How do the lines read from the one holding "Ди-инкур: инсектоакарицидное средство, помогающее" through the last line of the listing? Set them down exactly, pictures omitted.
··········
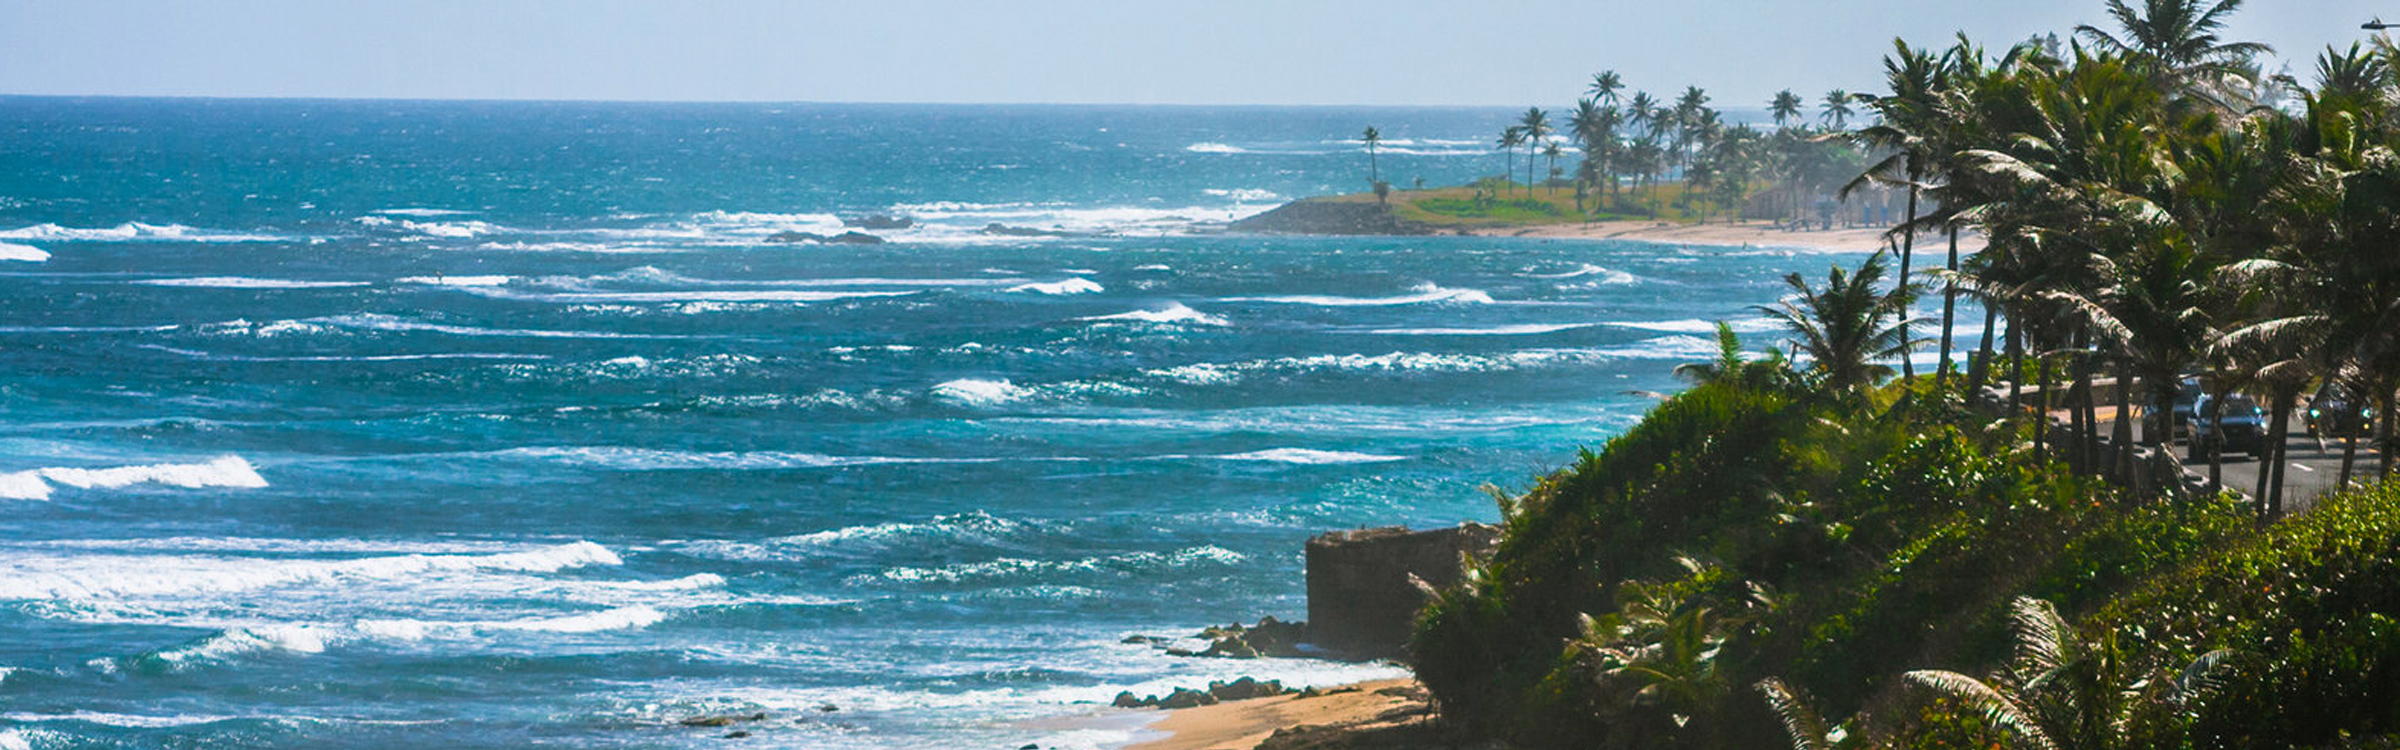 Puertoricoh
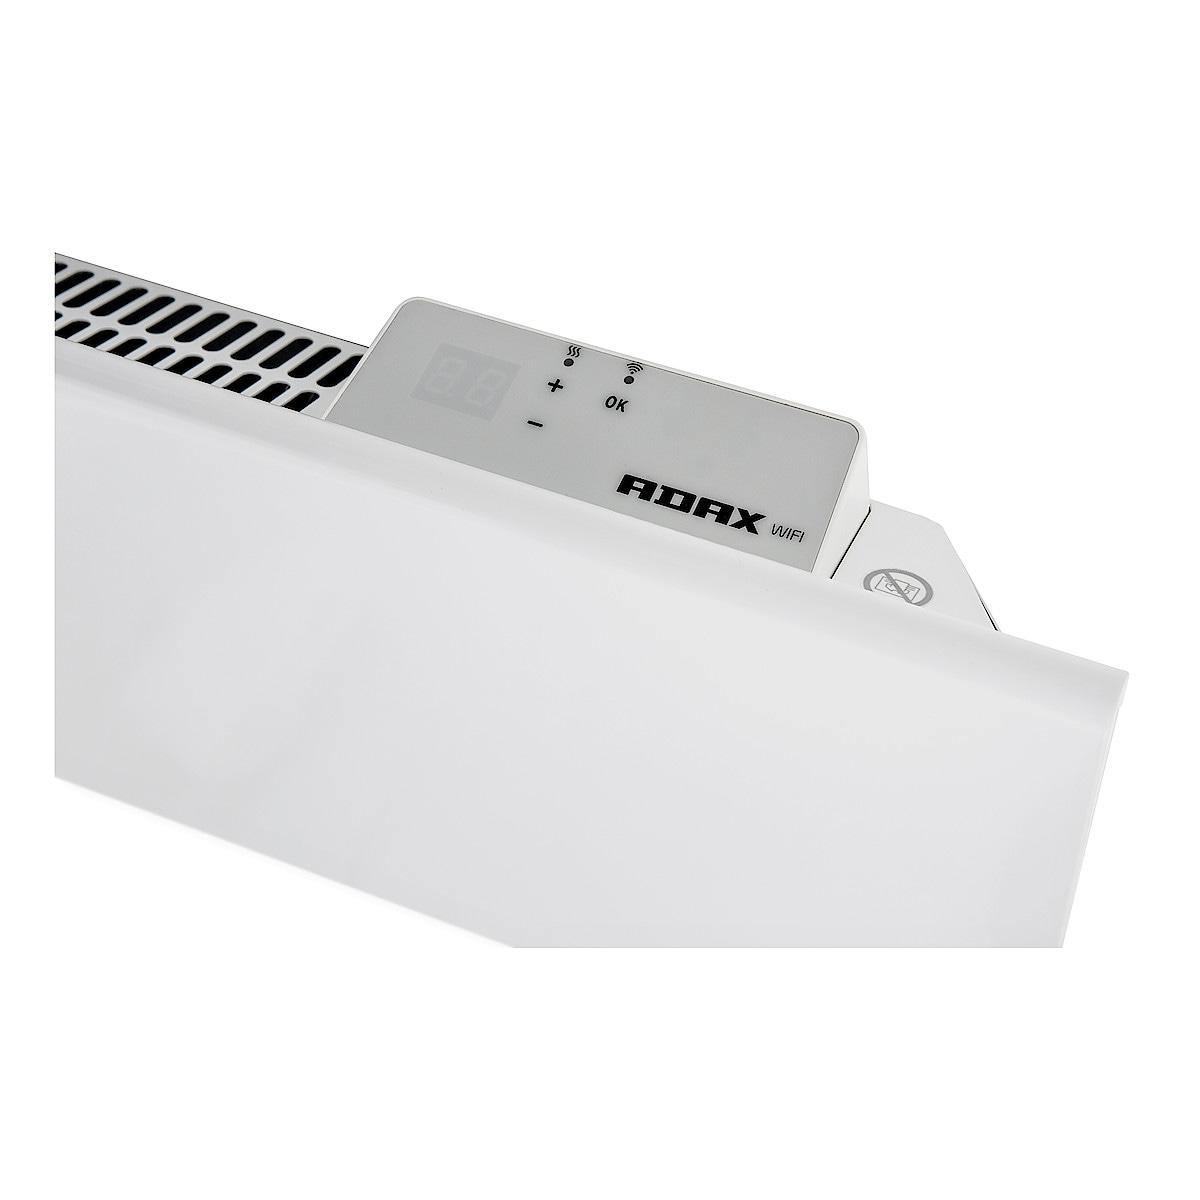 Lämpöpatteri WiFi 600 W 230 V Adax Neo H06KWT
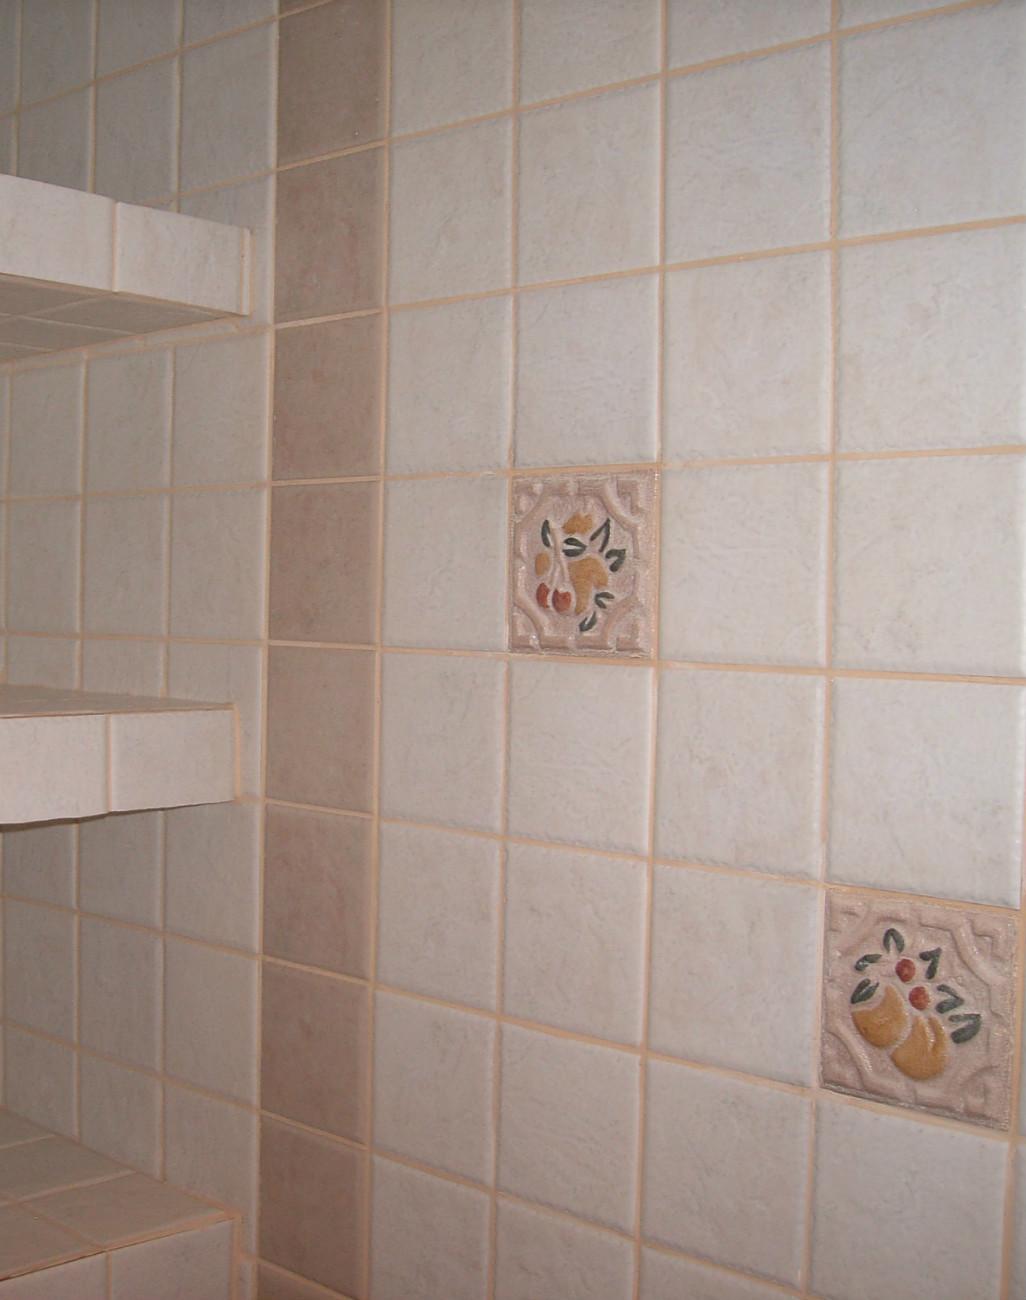 estantera de obra tiene una carpintera corredera para ocultar el espacio de  almacenaje la mampara de la ducha se fija a la pared del with estanterias  de ... b959c19c8fb3
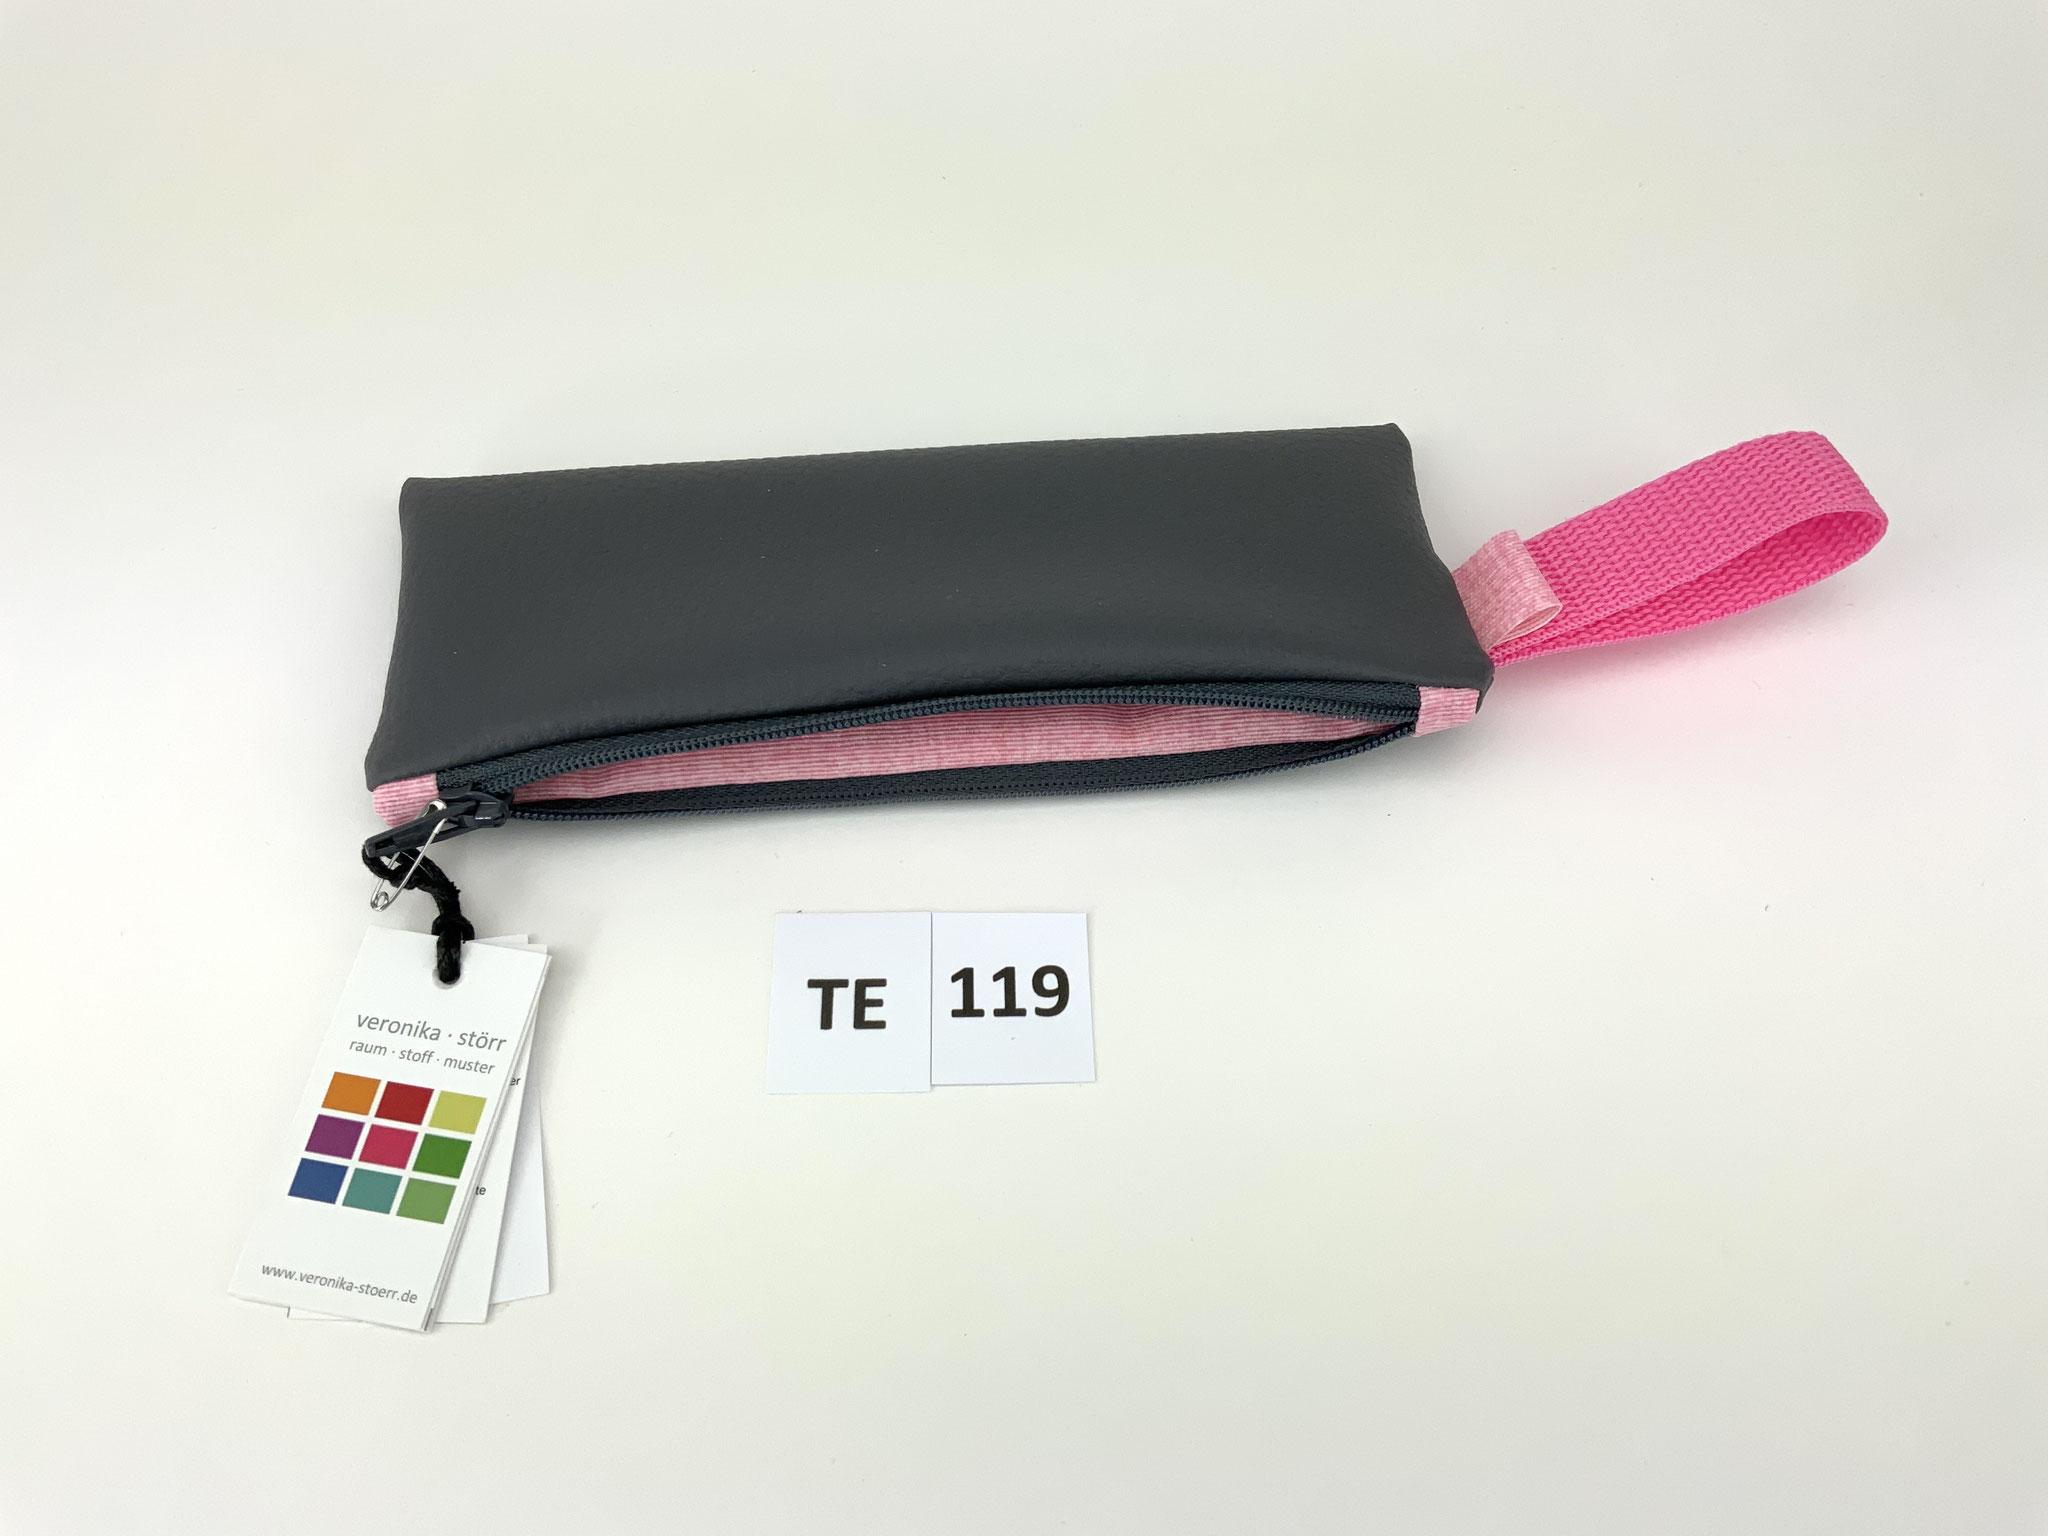 TE 119: 17,5 x 6 cm * AS KL / IS BBW * 12,90 €
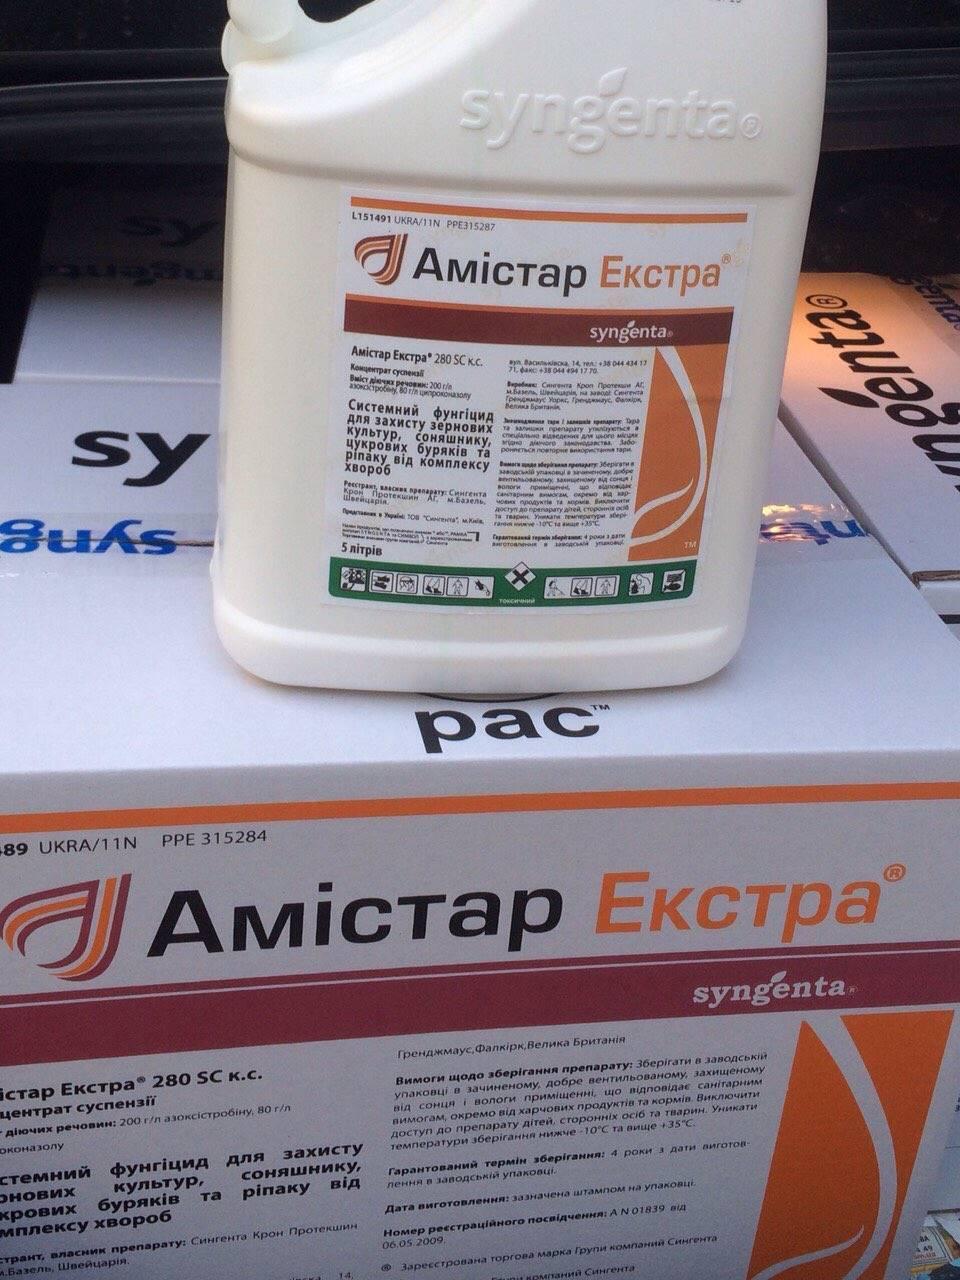 Ди-инкур: инсектоакарицидное средство, помогающее курятник и кур от блох, клещей и других эктопаразитов
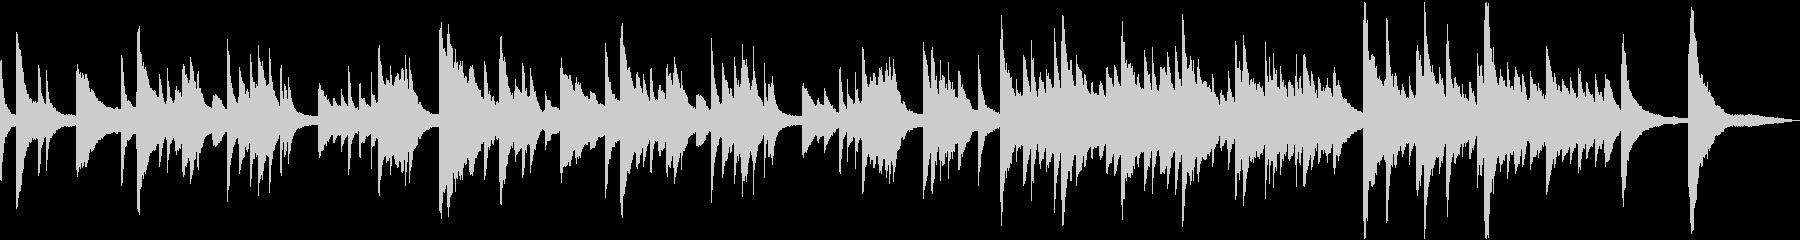 美しいソロ・ピアノ曲の未再生の波形
··········
**PROBLEM SOLUTION:**
 Ди-инкур: инсектоакарицидное средство, помогающее курятник и кур от блох, клещей и других эктопаразитов
 美しいソロ・ピアノ曲の未再生の波形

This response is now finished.